In 1776, Thomas Paine said, “Tyranny, like hell, is not easily conquered; yet we have this consolation with us, that the harder the conflict, the more glorious the triumph.”
Many Koreans, especially the dispossessed youth, call their nation “Hell Korea”. And it’s because of the tyranny. The abusive power dynamics and endless cycles of revenge. The lack of checks and balances that feeds the voracious flames of tyranny.
The American system creates ladders out of this hell. If you’re in a pit of injustice, there’s usually a way out. But for emerging democracies, there aren’t many ladders. Imagine being stranded in the pits of hell and being abused for wanting a ladder.
South Koreans were stranded in a dictatorship for 18 years from 1961 to 1979 when President Park Chung-hee implemented a coup d’etat to right the wrongs of the previous dictatorial regime. Then he turned into a dictator and rewrote the constitution to overstay his welcome. Yes, during this time, officially South Korea was a democracy that voted to elect the president. Funny how that works if you don’t set it up properly or keep the instructions handy.
But even nations without high quality constitutions have their breaking point. Dictatorship ended when President Park was assassinated by his own director of intelligence. Gunshots. At dinner.

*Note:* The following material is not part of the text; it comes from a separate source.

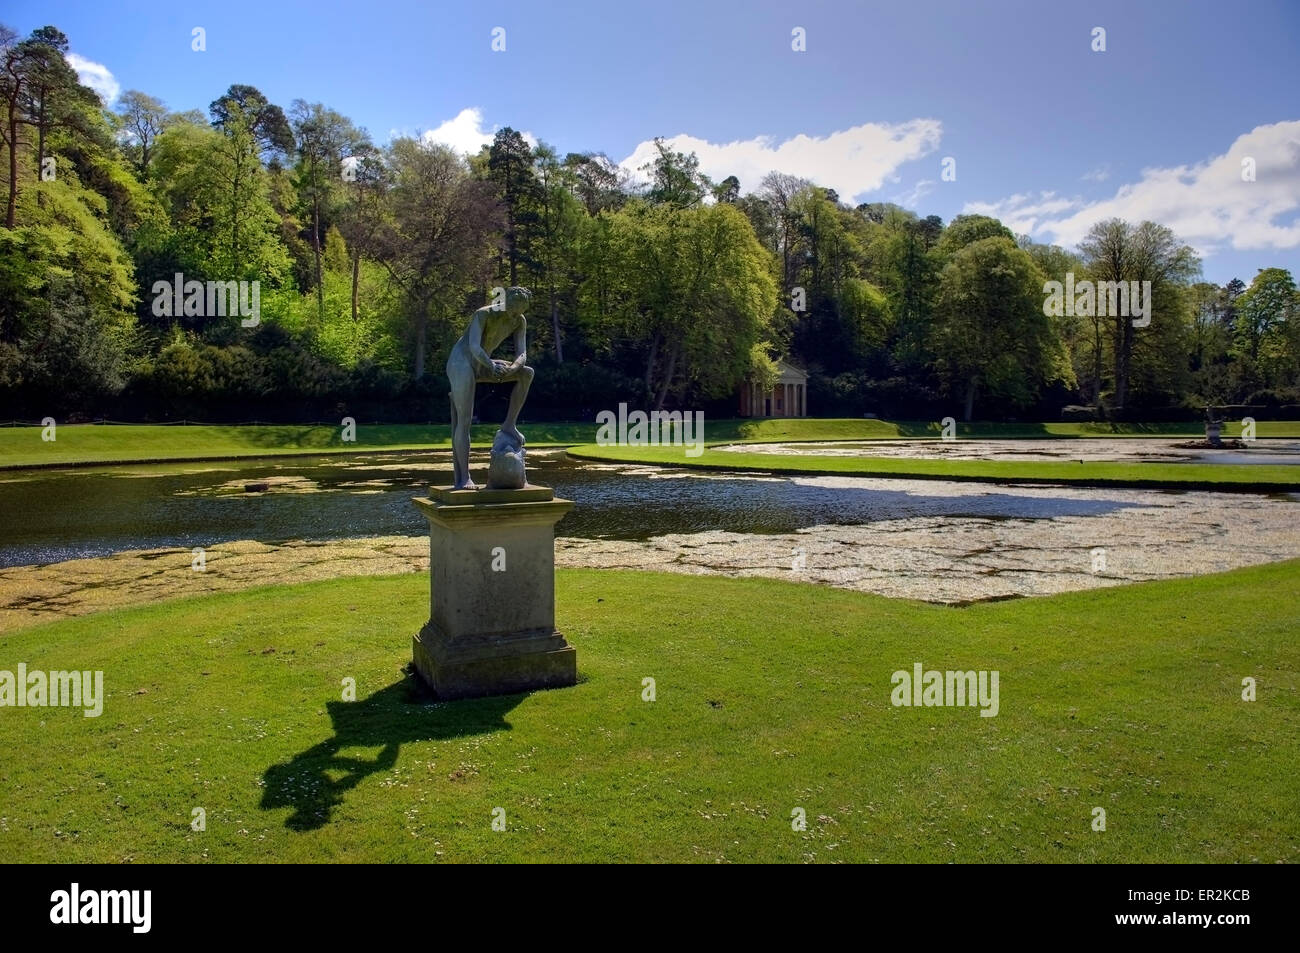 Statue and Temple of Piety, Studley Royal landscape gardens, near Ripon, North Yorkshire, England, UK Europe Stock Photo

Then another dictator came in for 8 years. Massacred a bunch of his own citizens for power. But, boy did he deliver on bringing in the 1988 Seoul Olympics! Then a pseudo-dictator was followed by a long string of jailing up the last guy in power once the new guy (or gal) gets in.
This is the horrible long tail of tyranny. It’s heartbreaking agony. And it’s bad for the economy. For most of its history, the Korean stock market was undervalued by the so-called ‘Korean discount’. Foreign analysts are quick to pin the blame on the ‘North Korean threat’ and call it a day. But the discount really comes from the tyrannical control of founding families of their corporations long after they diluted their real ownership stake.
Yet perhaps as a reward for increasing transparency and shifting business attitudes towards checks and balances, 2021 may continue the hot streak in South Korean stocks that 2020 saw. North Korea is still there. It’s not Chairman Kim in Pyeongyang that threatens Korean currency (though he terrorizes security and twinkies). It’s the Chairman Kims in corporate suites in Seoul. With their retiring along with their old business practices, things look up. (But don’t expect total change. It’s still hot even if you ascend to the next ring of hell.)
But back to America and the U.S. dollar threat. Printing money zealously to overcome the current crisis may devalue the currency. But the greatest guarantee to meltdown for the dollar is political, not financial. And American politics is actually the true currency of the United States. It may not be gold, but it’s backed up by something tangible. Yes, it can be felt. But, it can be held only in the heart – trust.